■ **ASSIGNED TASK**:
If pictures appear in the lines below, skip them and copy exactly the lines from the one containing "Coloring Book - Samptre -Snow White" through the one containing "coppia scarpa da", and nothing else.

Top of RAW DATA

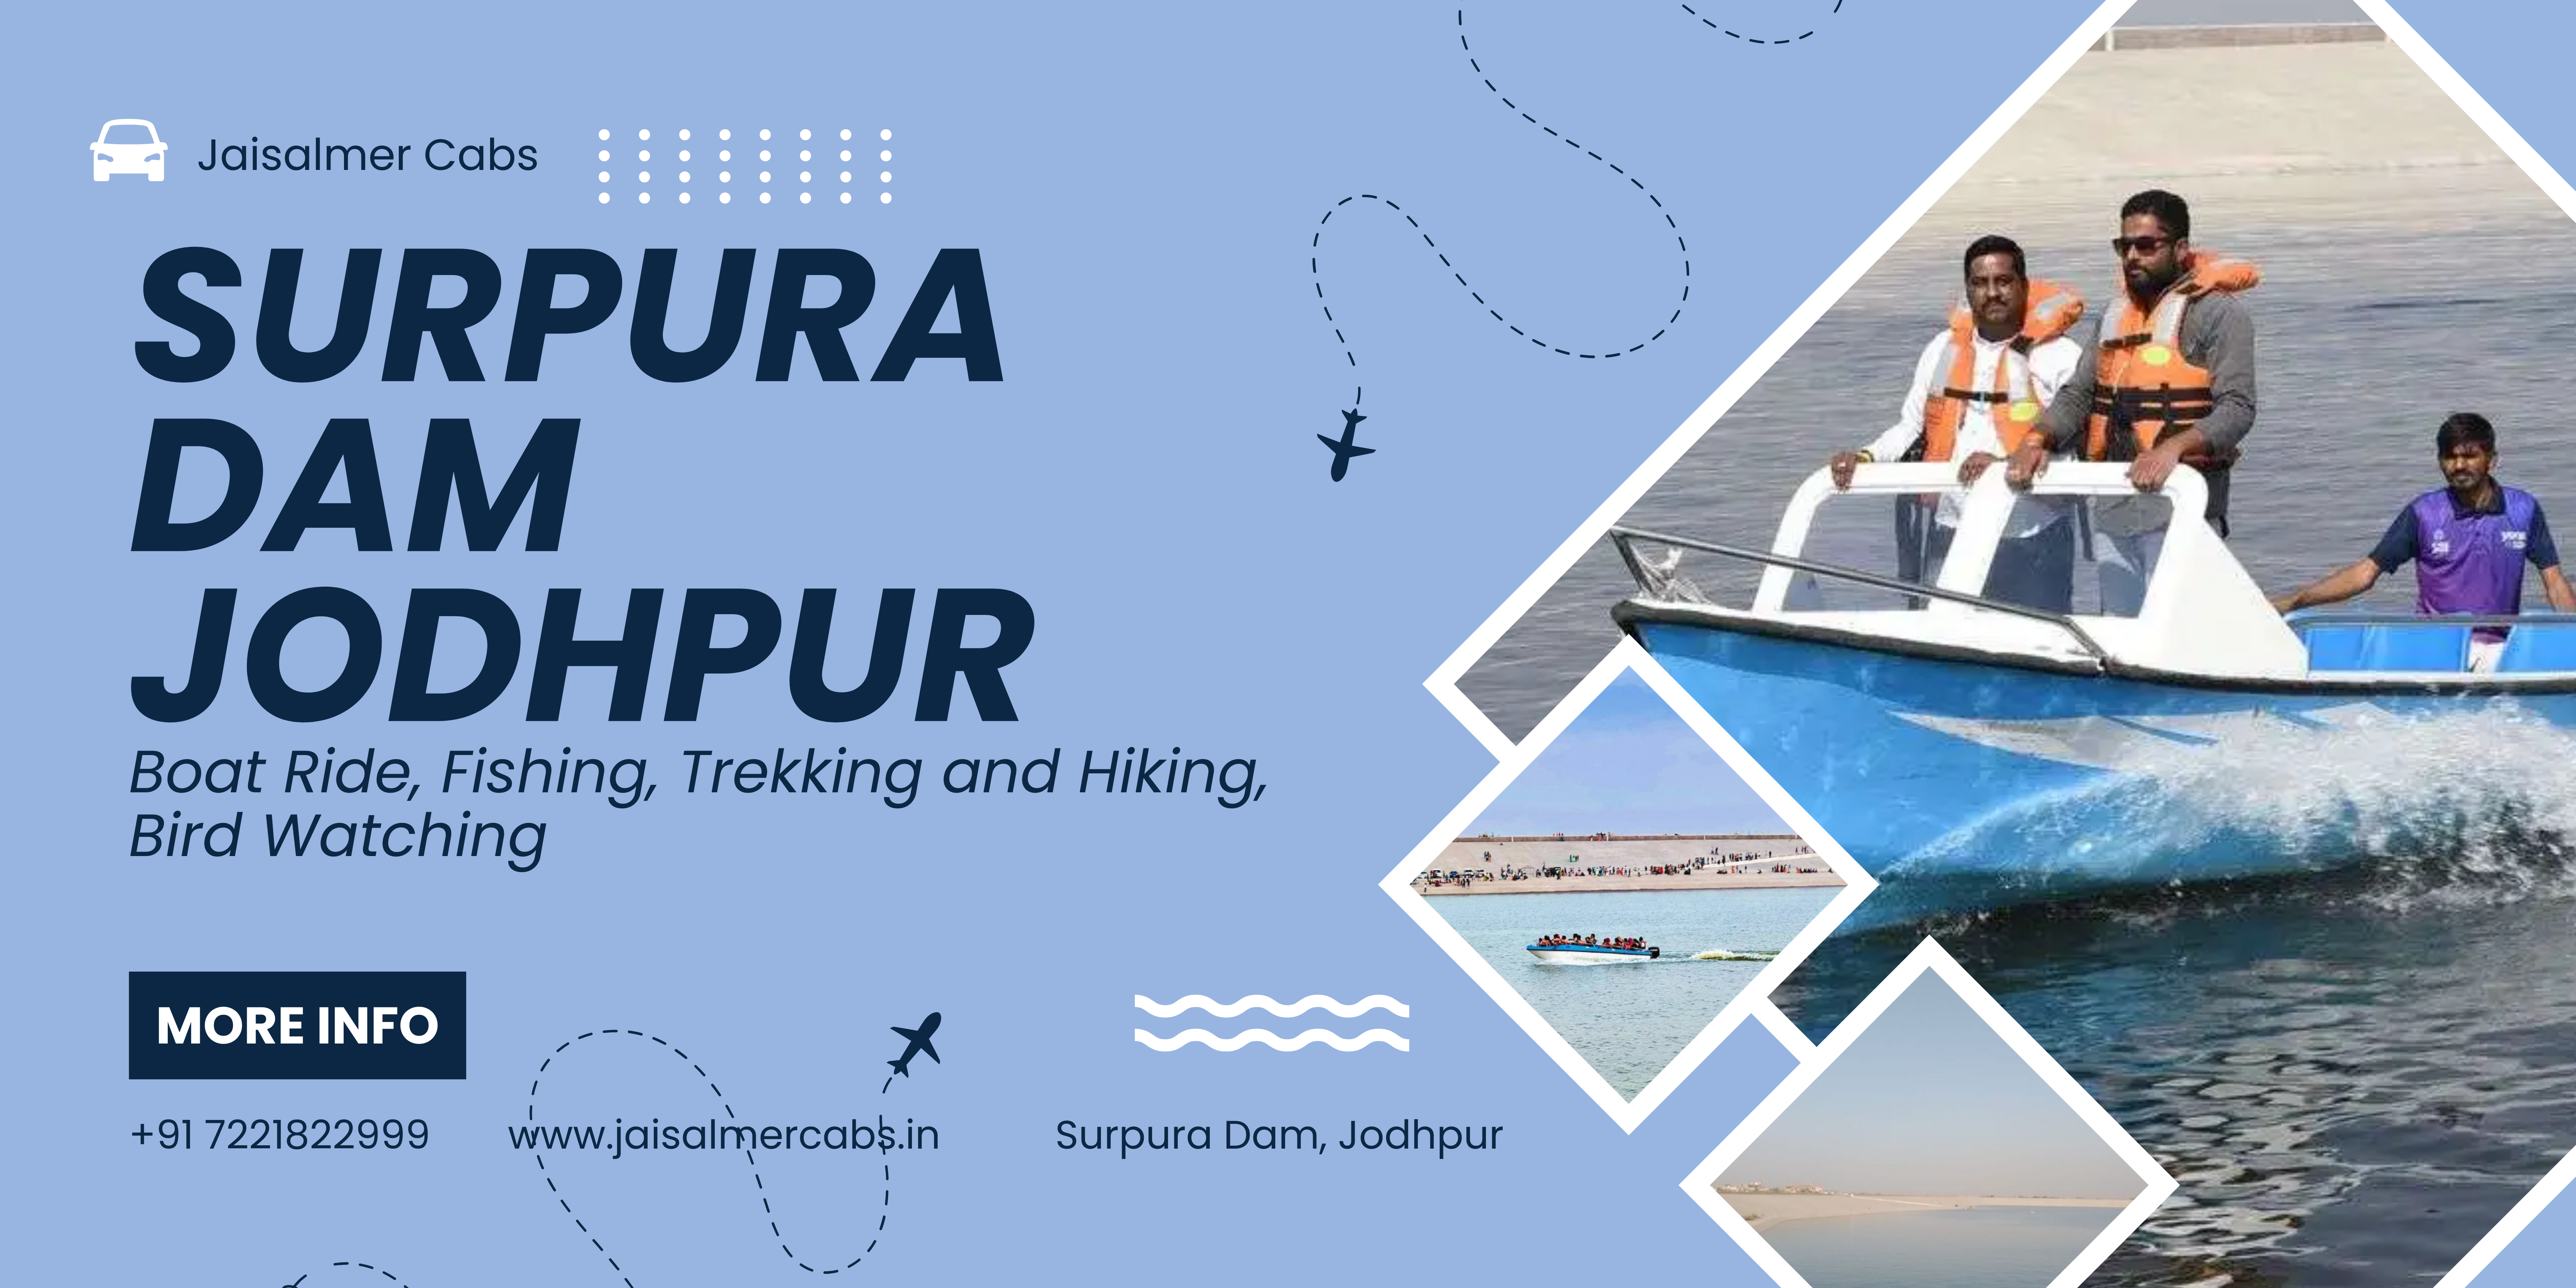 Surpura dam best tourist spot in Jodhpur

Bottom of RAW DATA
Top of RAW DATA

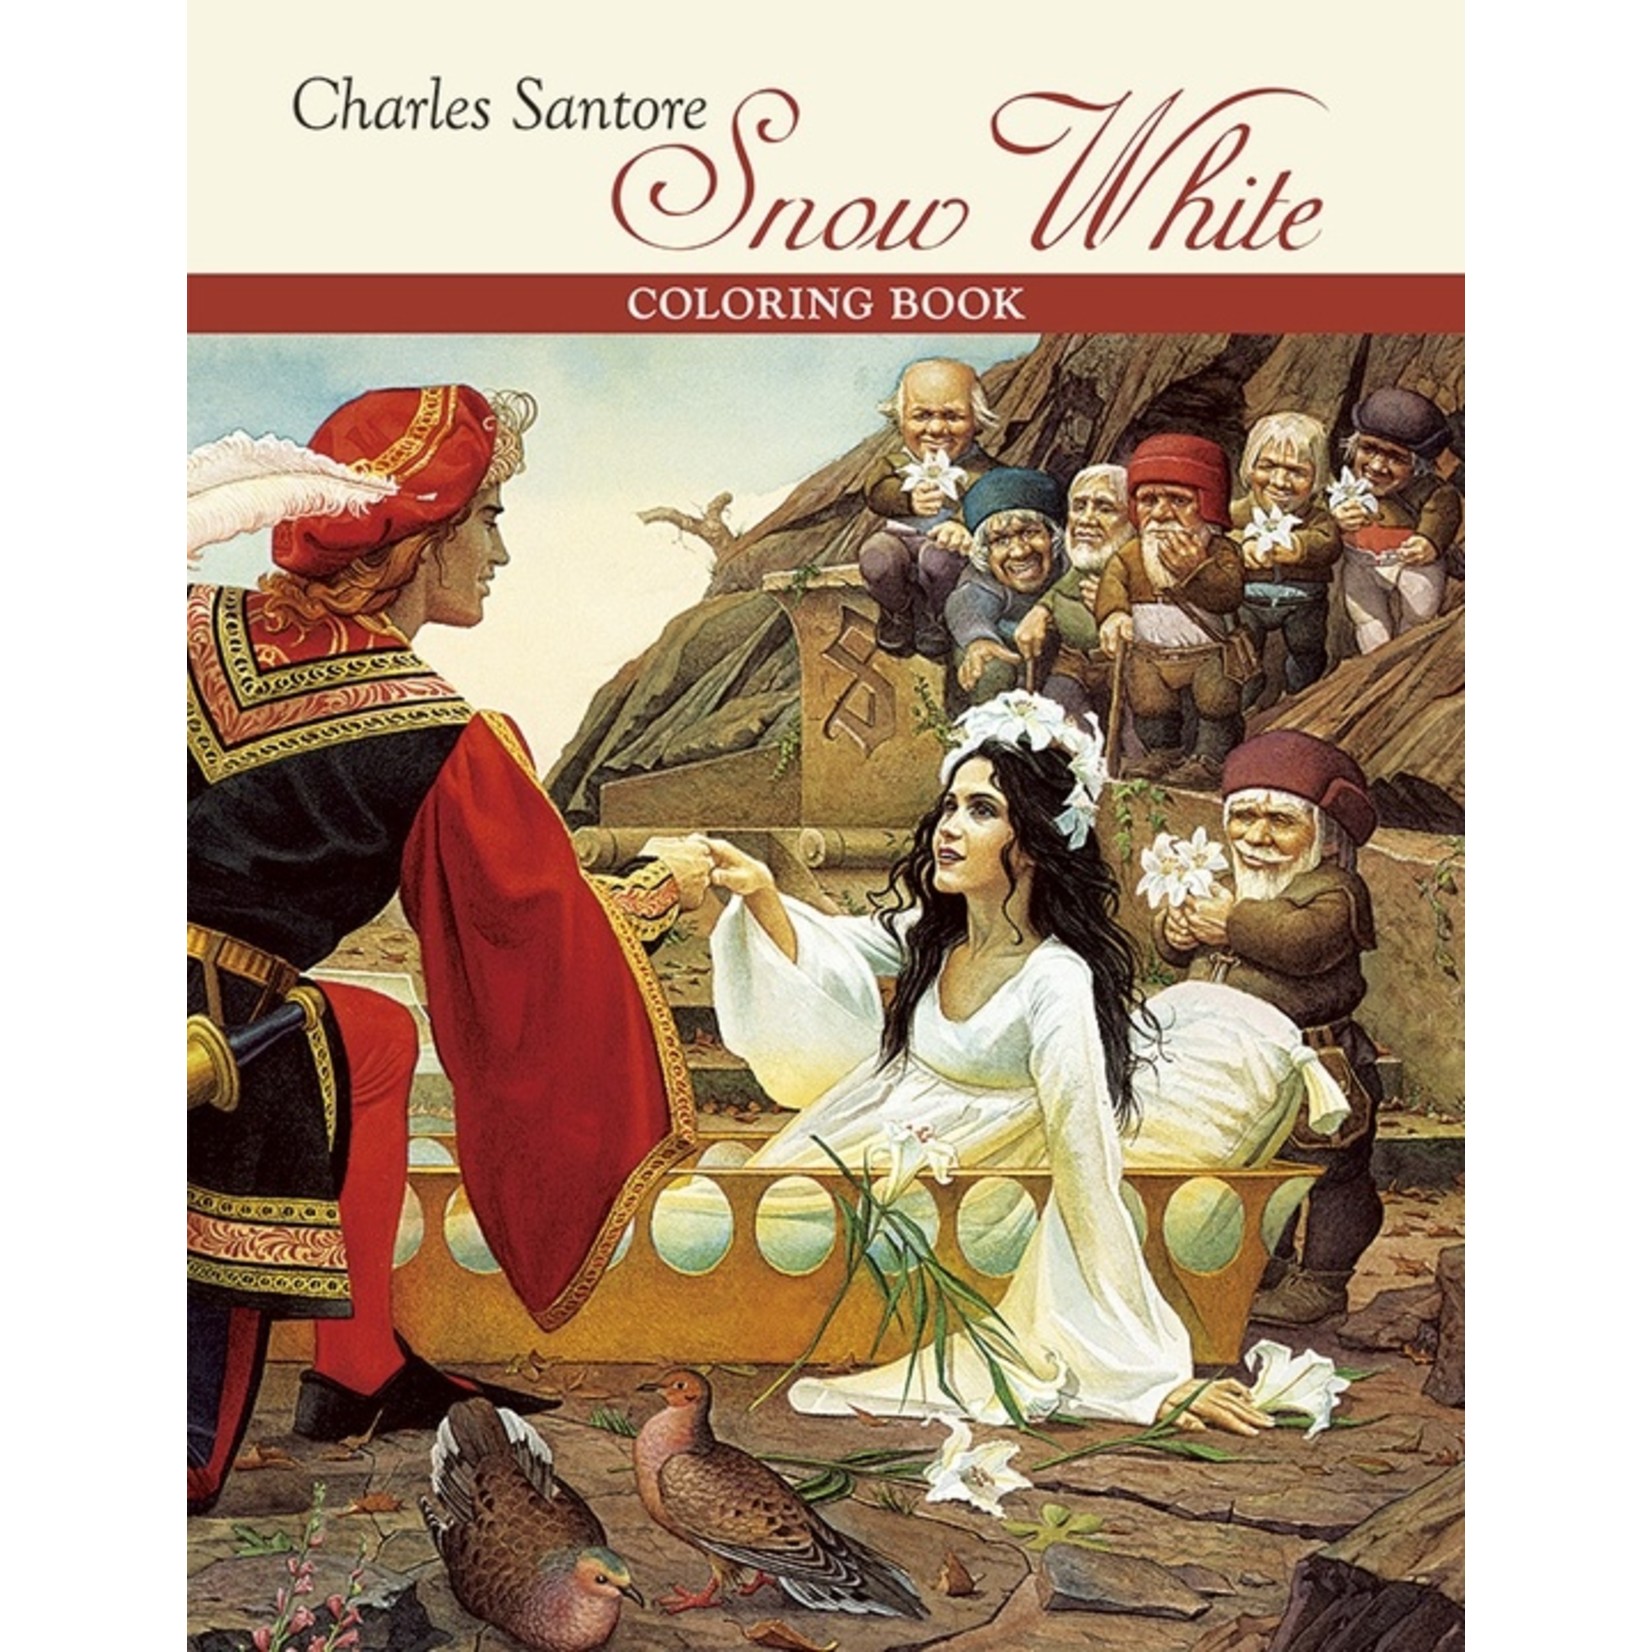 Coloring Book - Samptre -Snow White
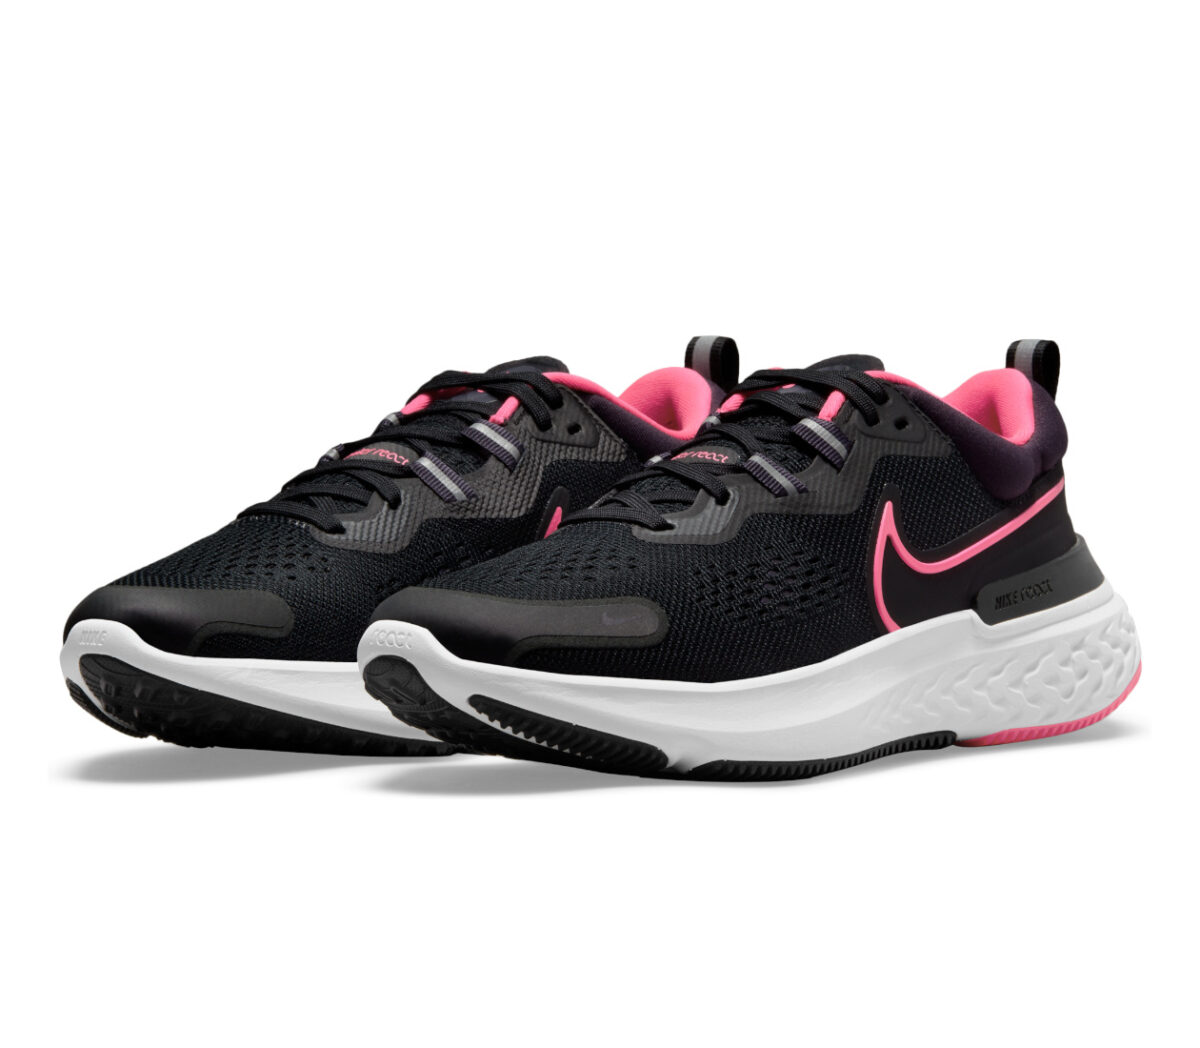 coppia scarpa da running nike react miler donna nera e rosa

Bottom of RAW DATA

■ **EXERCISE ANSWER**:
 Coloring Book - Samptre -Snow White
 coppia scarpa da running nike react miler donna nera e rosa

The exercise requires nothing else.